К ногам аравийских завоевателей пали царственная Хира (столица лахмидских князей в Месопотамии), затем Убулла на Тигре, Сираф и Хурмуз в Персидском заливе, Сидон и Тир на восточном берегу Средиземного моря, Александрия в Египте, Сеута и Альмерия на дальнем западе (в районе Гибралтара), богатые гавани Кипра и Крита, Мальты и Сицилии. Имена этих морских центров были известны во всех концах древнего и раннесредневекового мира. Уже тогда первые четыре из них славились своей торговлей с Индией и Китаем. Названия портовых городов – «Тир» и «Сидон» – уводят нас к самобытному кругу жизни финикийской державы, когда оба порта служили широко распахнутыми воротами на запад: от их причалов отправлялись в дальний путь левантийские первостроители Карфагена, первооткрыватели «Столбов Мель-карта» – будущего Гибралтара – и гвинейского побережья. Мысль об Александрии сразу восходит к образу венценосного грека, чьей волей основан этот город, и к плодоносной поре эллинизма, в которой каждый из перечисленных очагов морской культуры сыграл свою роль. Мусульмане, овладев ими, поставили их на службу целям своей веры и личного обогащения. Но при этом надо помнить и о золотых плодах арабской культуры, которая, вобрав в себя достижения всех народов халифата, ярко расцвела в городах мусульманской державы и вынесла свое влияние далеко за пределы этого государства.

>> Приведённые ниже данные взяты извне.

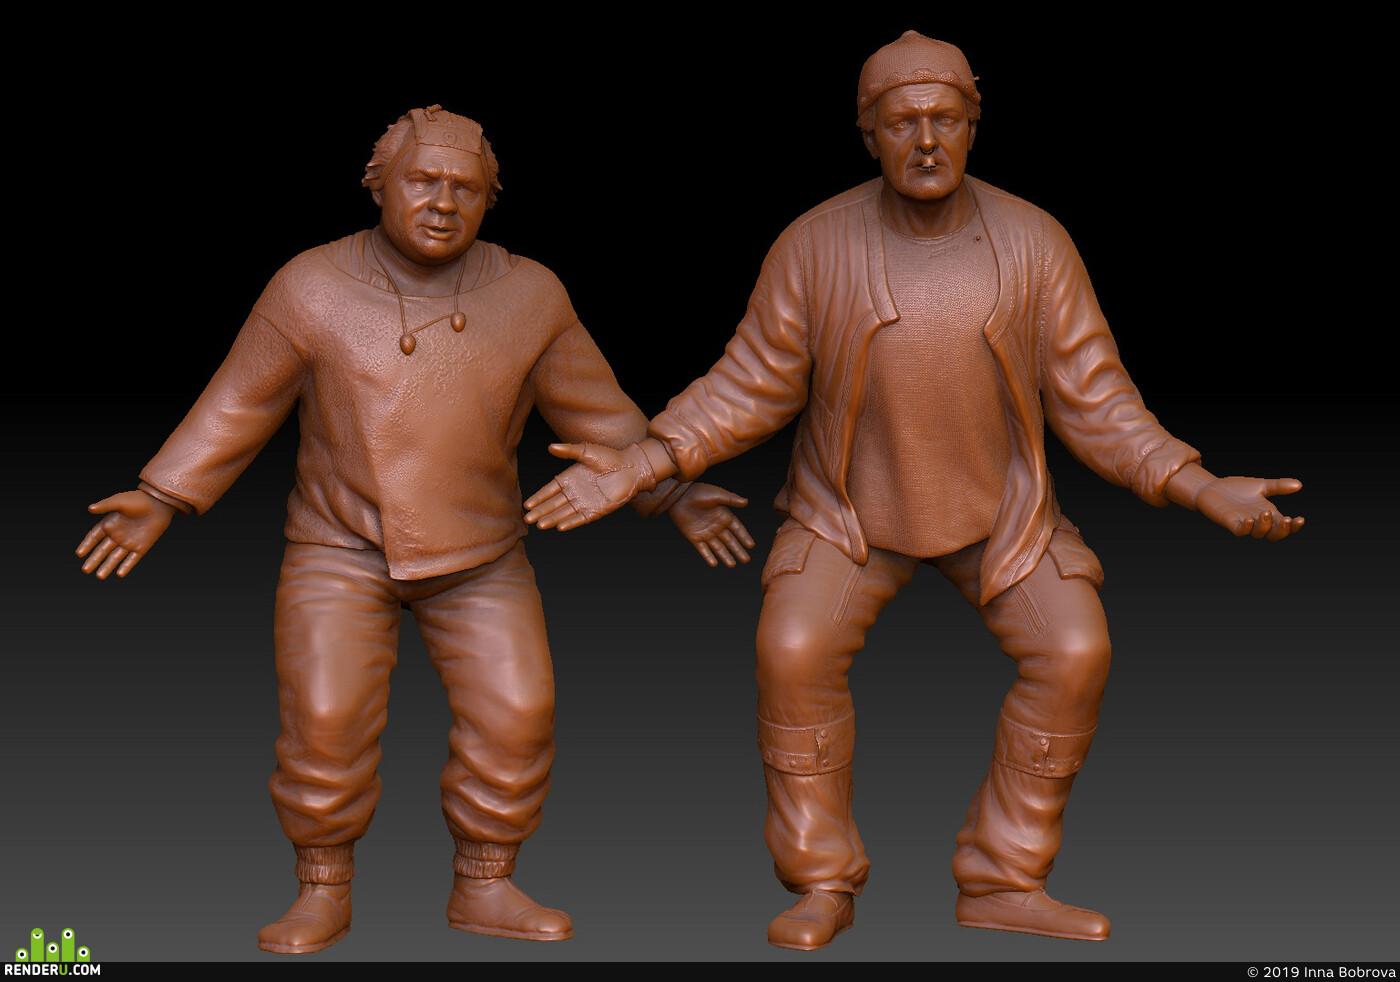 3dprint, ZBrush, stl, 3d_modeling, 3d_sculpture, 3d_character, 3д скульптура, Леонов, 3д скульптура Леонова, 3д скульптура Яковлева
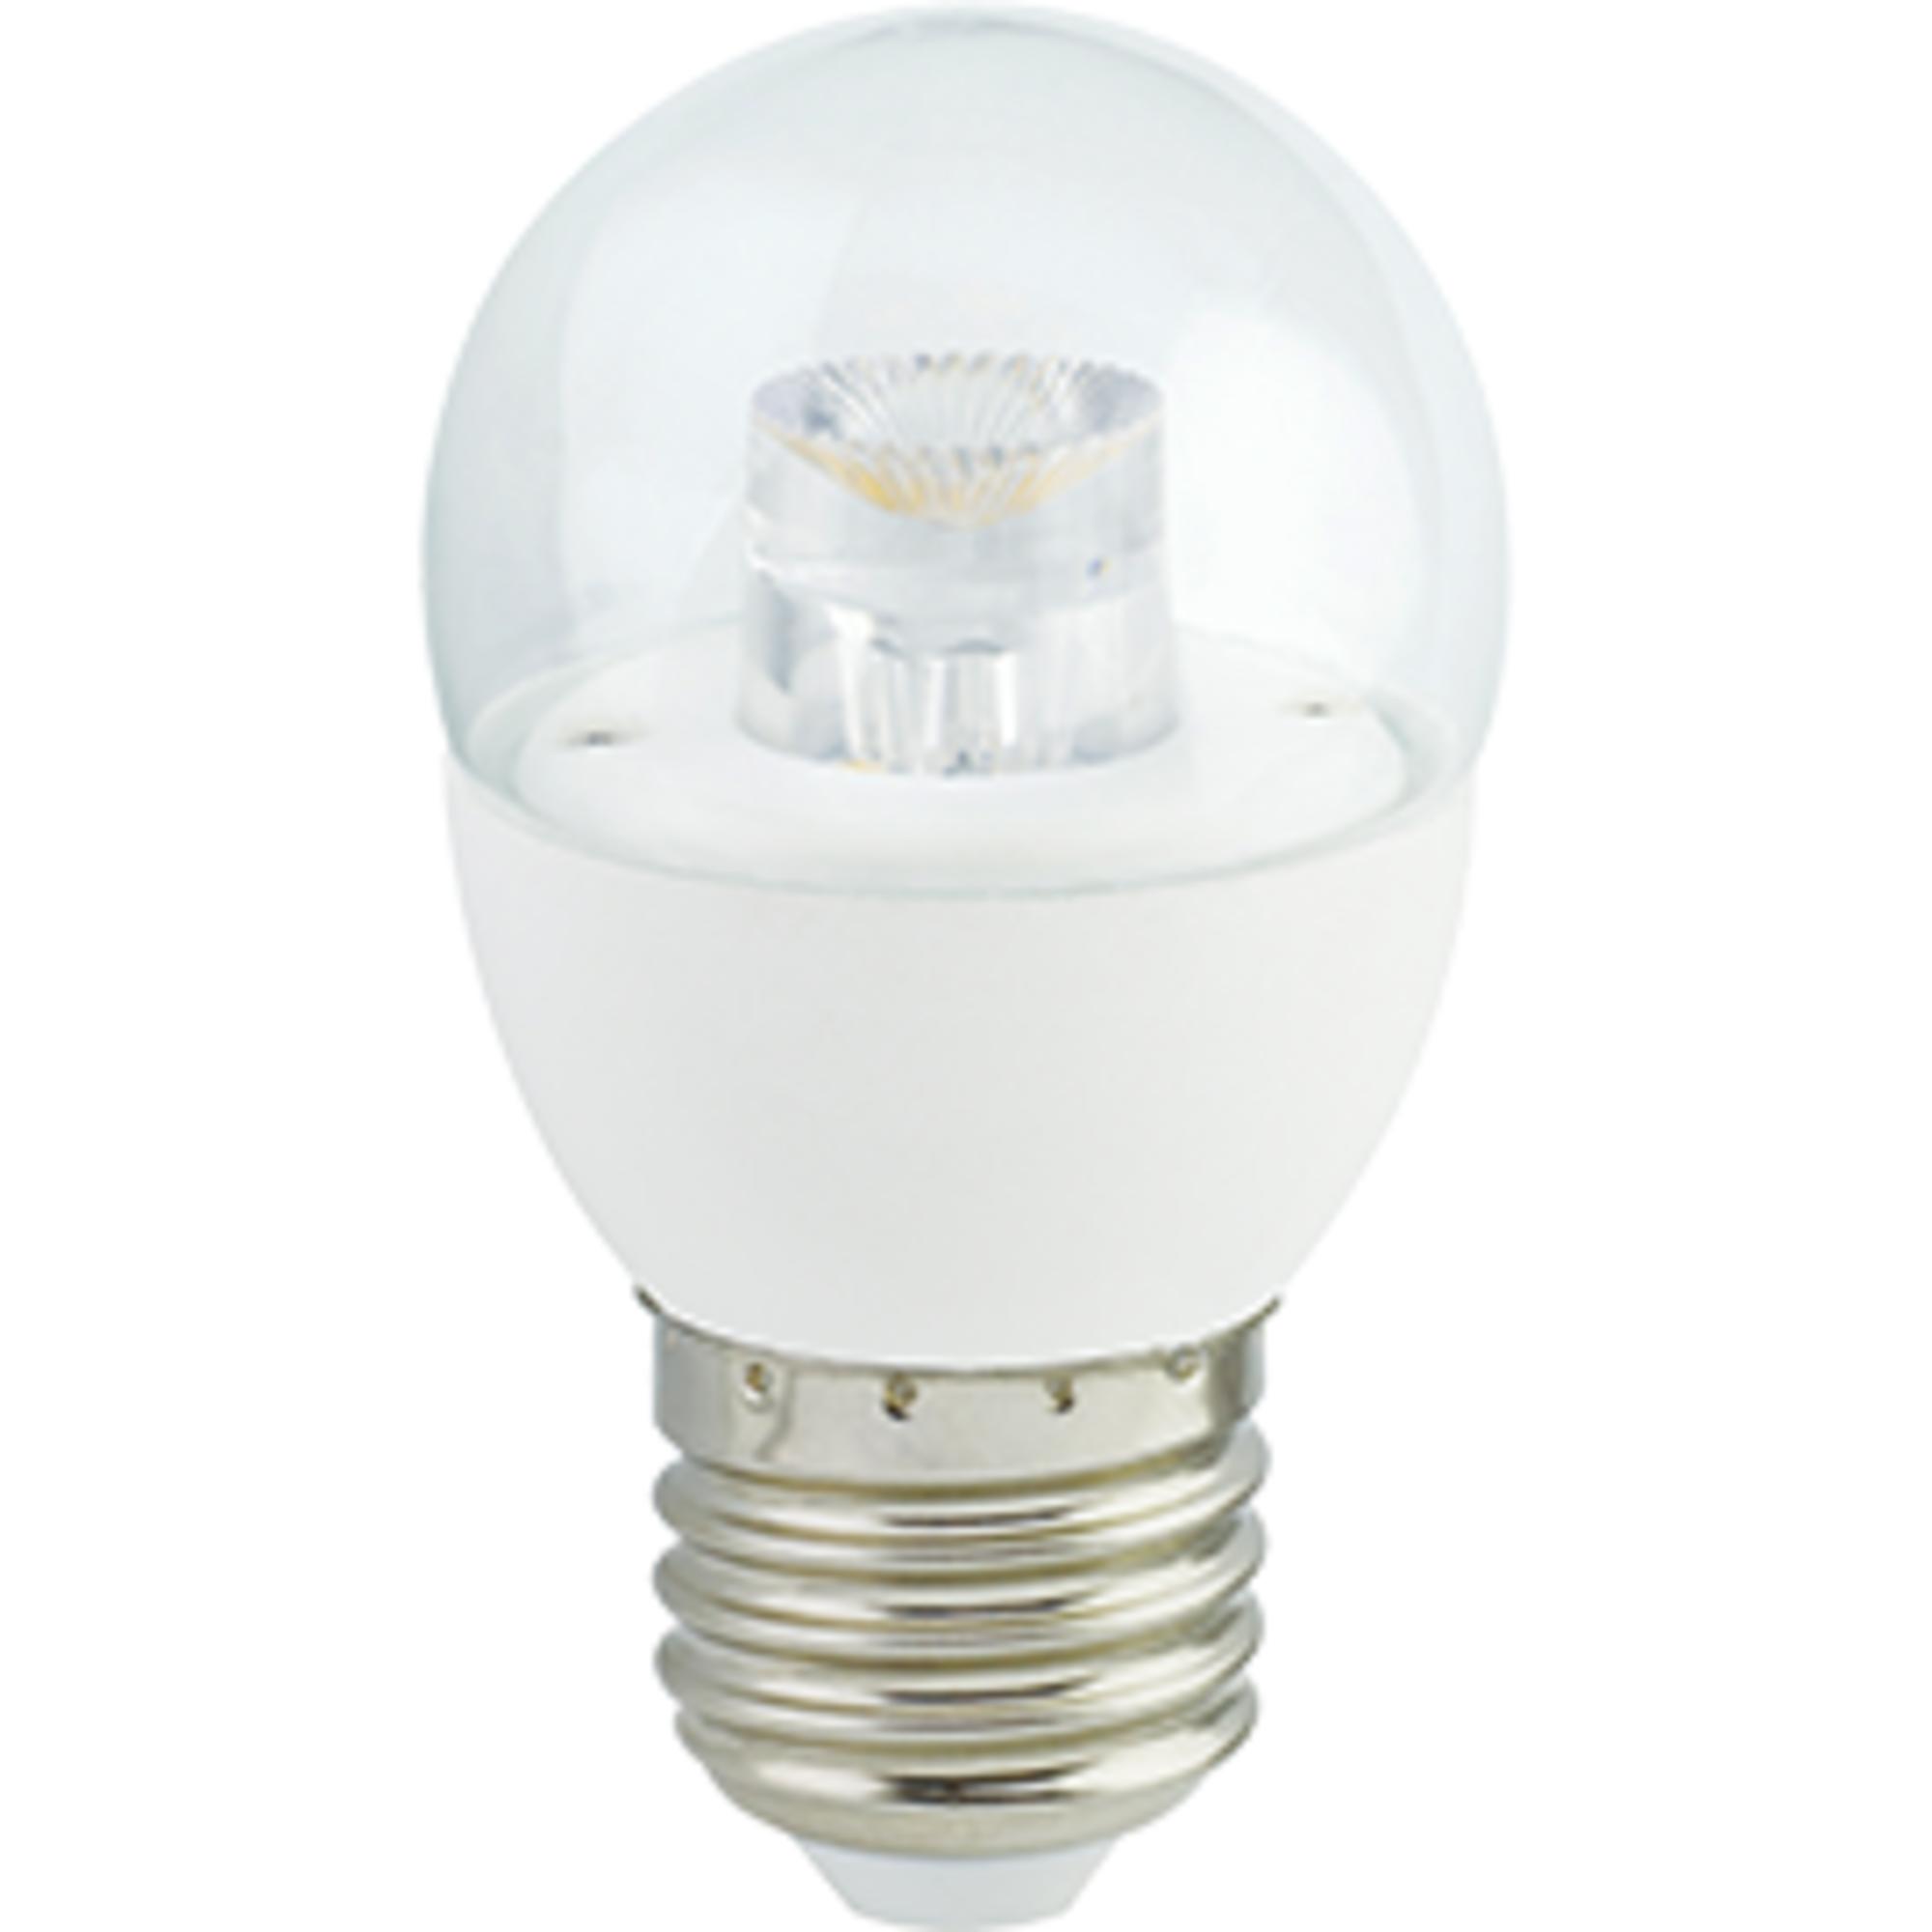 Лампа Ecola Premium светодионая E27 7 Вт шар 560 Лм теплый свет

Рядом с воскрешенными центрами древнего мореплавания на побережьях и внутренних артериях океанской Аравии, как может быть названо разраставшееся государство халифов Медины, позже Дамаска и Багдада, располагались новые порты, основанные арабами в ходе завоеваний. Первым из них по времени возникновения предстает Басра, детище 637 года, когда минуло всего пять лет после смерти Мухам-мада. Этому поселению на берегу общего русла Тигра и Евфрата предназначалась роль стража мусульманских приобретений в южном Двуречье. В таких случаях завоеватели используют распространенную среди их подданных готовность прийти на готовое; принудительное переселение соседствует с добровольным. На благодатные земли Двуречья, возделанные трудом покоренных людей и отцов их, устремились
87
бедуины из внутренней Аравии, палимые зноем пустыни и изнуренные жизнью впроголодь. Ученые труды сообщают, что в 670 году Басру населяли двести тысяч жителей; следует весьма осторожно подходить к этому откровению, ибо переписей в то время не велось. Перед нами, таким образом, приблизительные сведения, при их осмысливании лишь более или менее вероятные. Но во всяком случае плодородие почвы, густая сеть каналов и выгодное положение на путях заморской торговли привлекали многих, а конец VIII века, когда «великолепная Бассора», как назвала ее русская поэзия, стала морскими воротами престольного Багдада, мог быть свидетелем переполненности города. Длилось это недолго – всего столетие: в 869 – 883 годах восставшие африканские рабы, а в 920 году карматы подвергли Басру опустошительным разрушениям, а так как беда не приходит одна, то 879 год принес гибель под китайскими ножами в Гуанчжоу десяткам тысяч обосновавшихся там арабских купцов; они пали жертвой стихийного возмущения коренных жителей – возможно, в значительной части торговых соперников. При всей тягостности события историк не может пройти мимо красноречивости количественного свидетельства: десятки тысяч арабских купцов, постоянно живущих в одном южном Китае! Тут есть над чем задуматься ученым' – «закрывате-лям» Америк, которые никак не могут позволить арабам быть мореплавателями; вряд ли даже они способны представить себе множество мусульманских негоциантов, карабкающихся со своими пожитками через гималайские снега. В такие мгновения полезно вспомнить о Синдбаде Мореходе – образ его собирателен.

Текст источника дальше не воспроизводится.